■ **DESCRIPTION OF THE TASK**: Please reproduce the data exactly, excluding any pictures it contains.

=== RECORDED INFORMATION ===

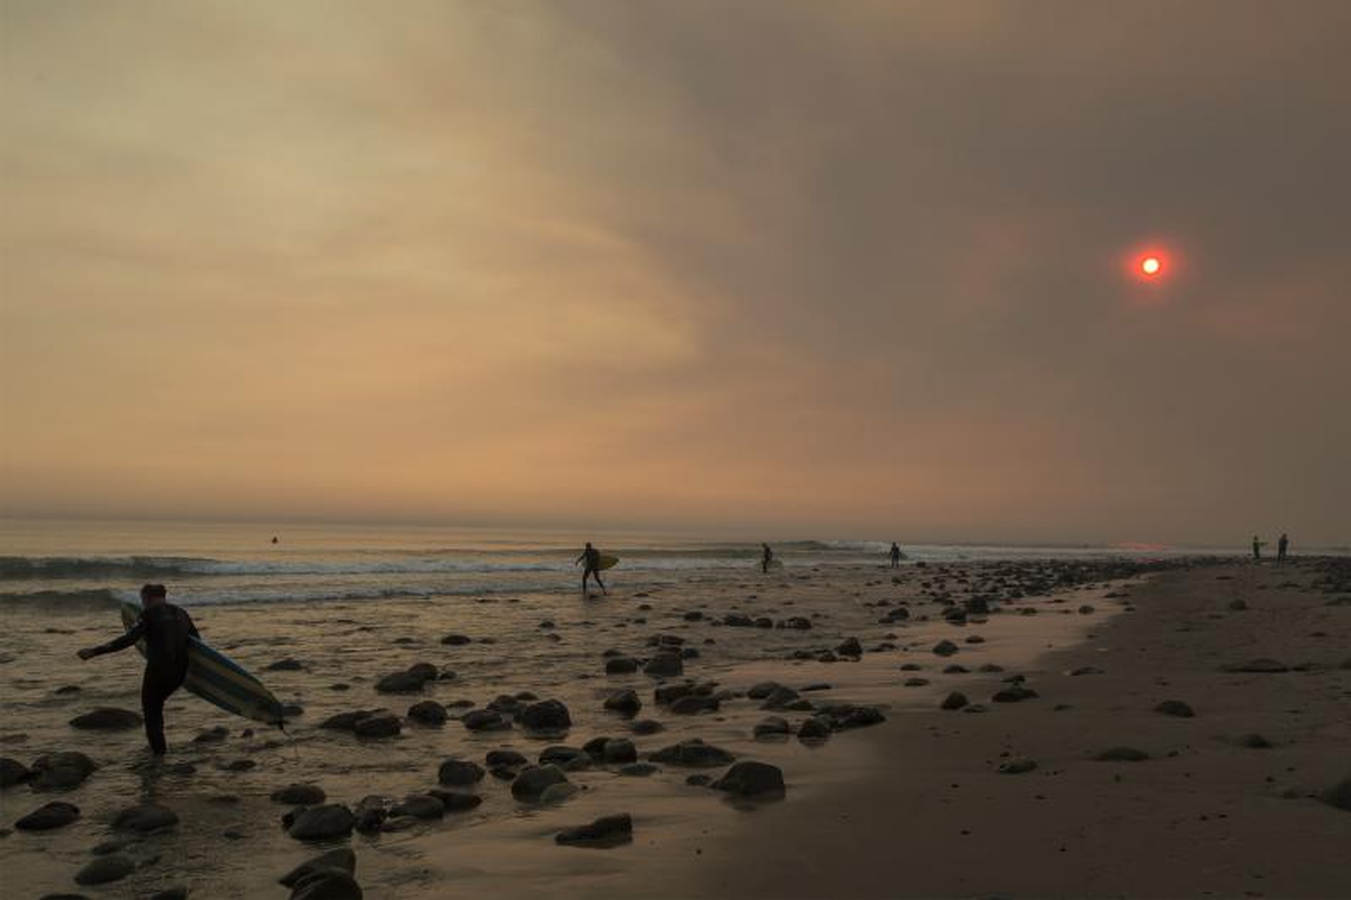 Un cielo lleno de humo alrededor de los surfistas. El fuego continúa creciendo y amenaza a las comunidades desde Carpinteria hasta Santa Barbara, California. El incendio se ha extendido a lo largo de 365 millas hasta el momento y ha destruido unas 800 estructuras desde que comenzó el 5 de diciembre en Ojai, California.
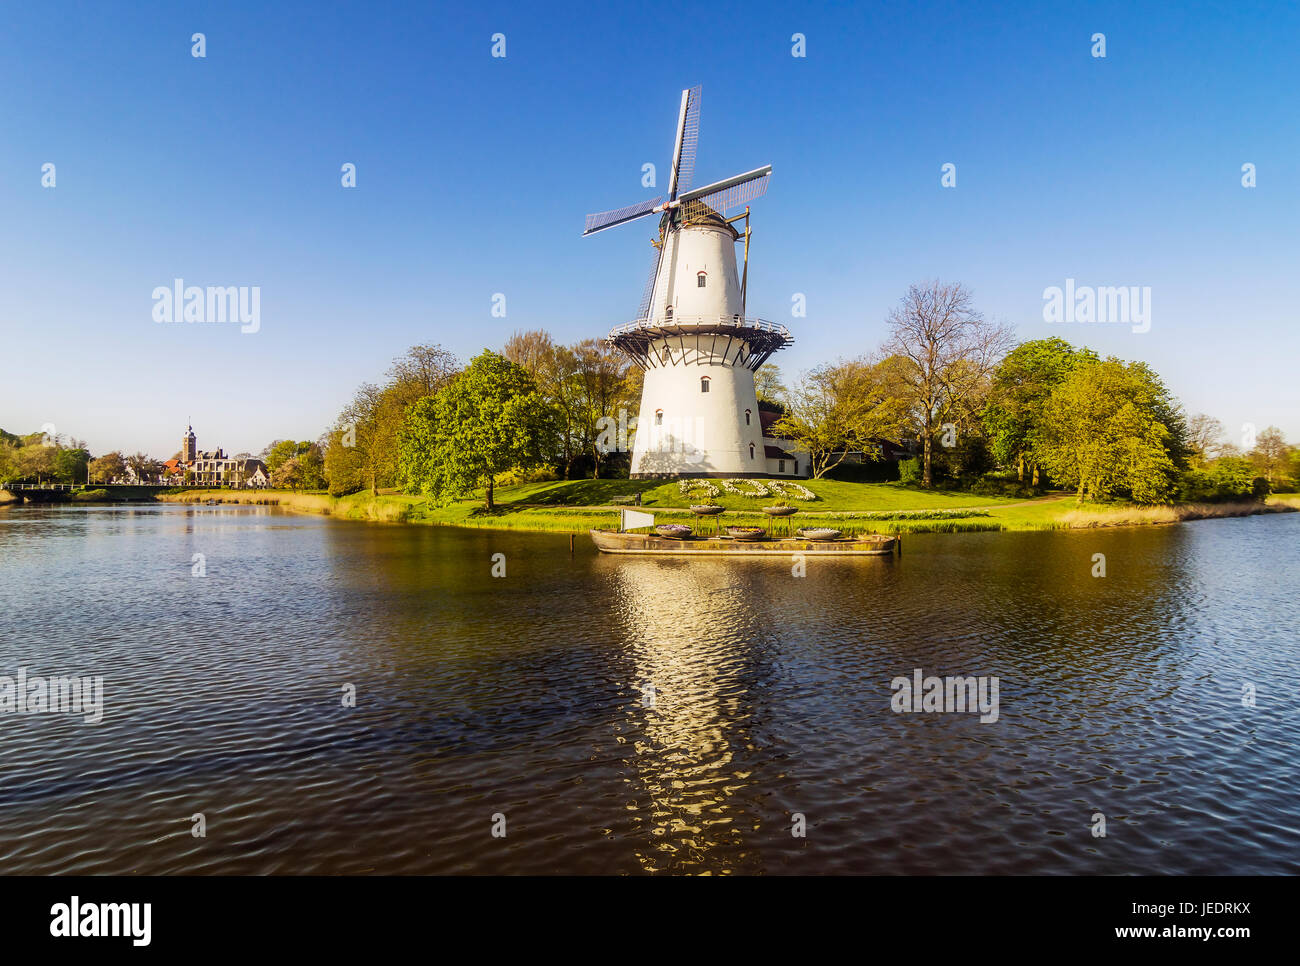 Netherlands, Zeeland, Middelburg, wind mill 'De Hoop' Stock Photo
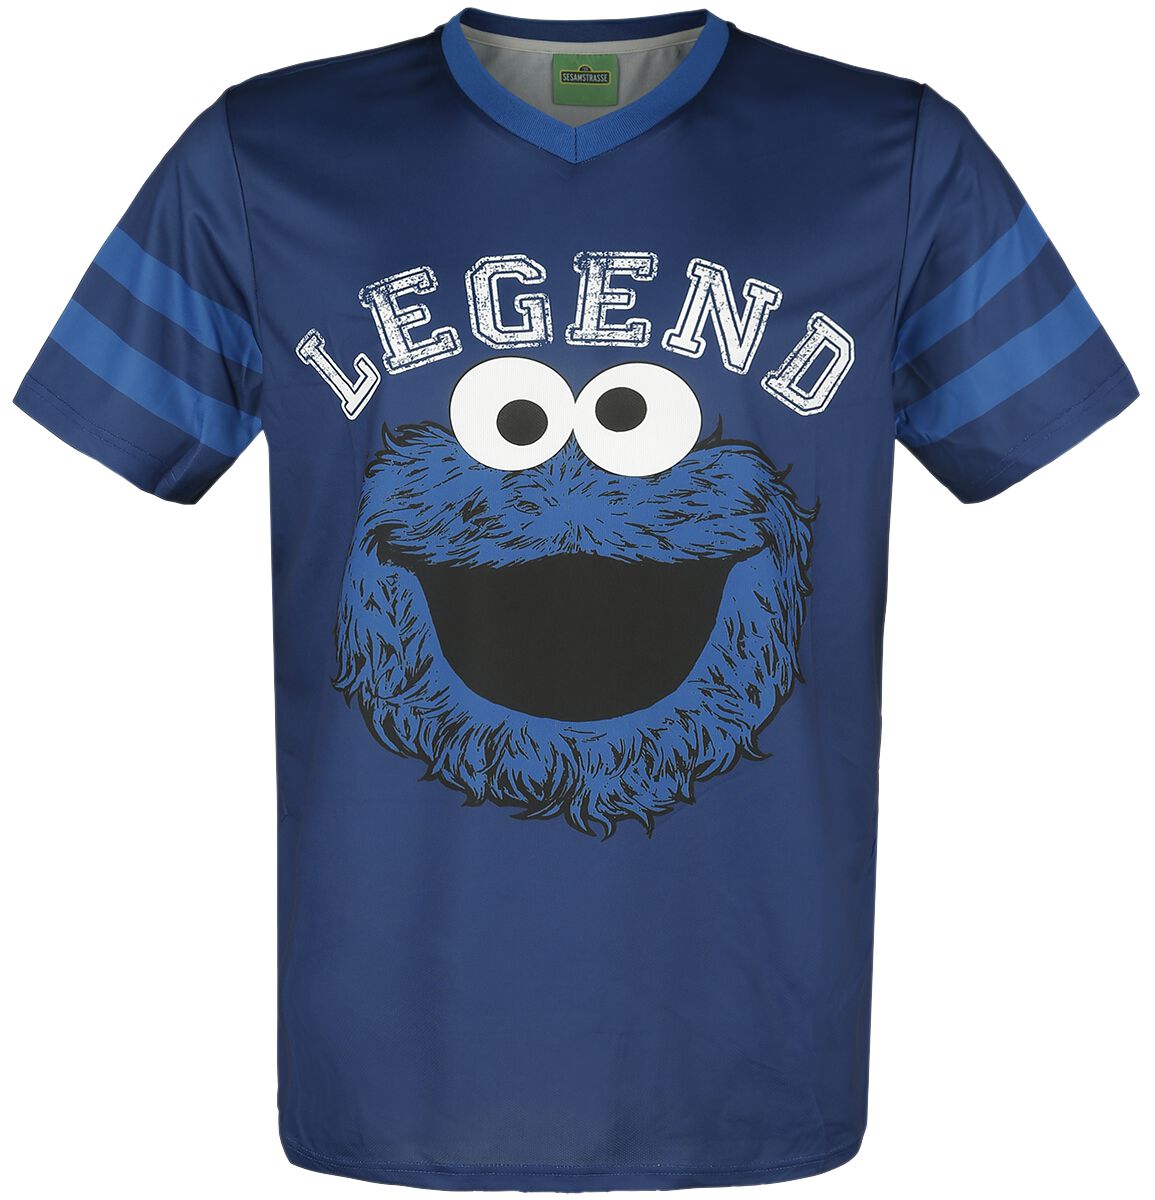 Sesame Street Legend Jersey blue

===

■ **RESULT**:
 Un cielo lleno de humo alrededor de los surfistas. El fuego continúa creciendo y amenaza a las comunidades desde Carpinteria hasta Santa Barbara, California. El incendio se ha extendido a lo largo de 365 millas hasta el momento y ha destruido unas 800 estructuras desde que comenzó el 5 de diciembre en Ojai, California.
 Netherlands, Zeeland, Middelburg, wind mill 'De Hoop' Stock Photo
 Sesame Street Legend Jersey blue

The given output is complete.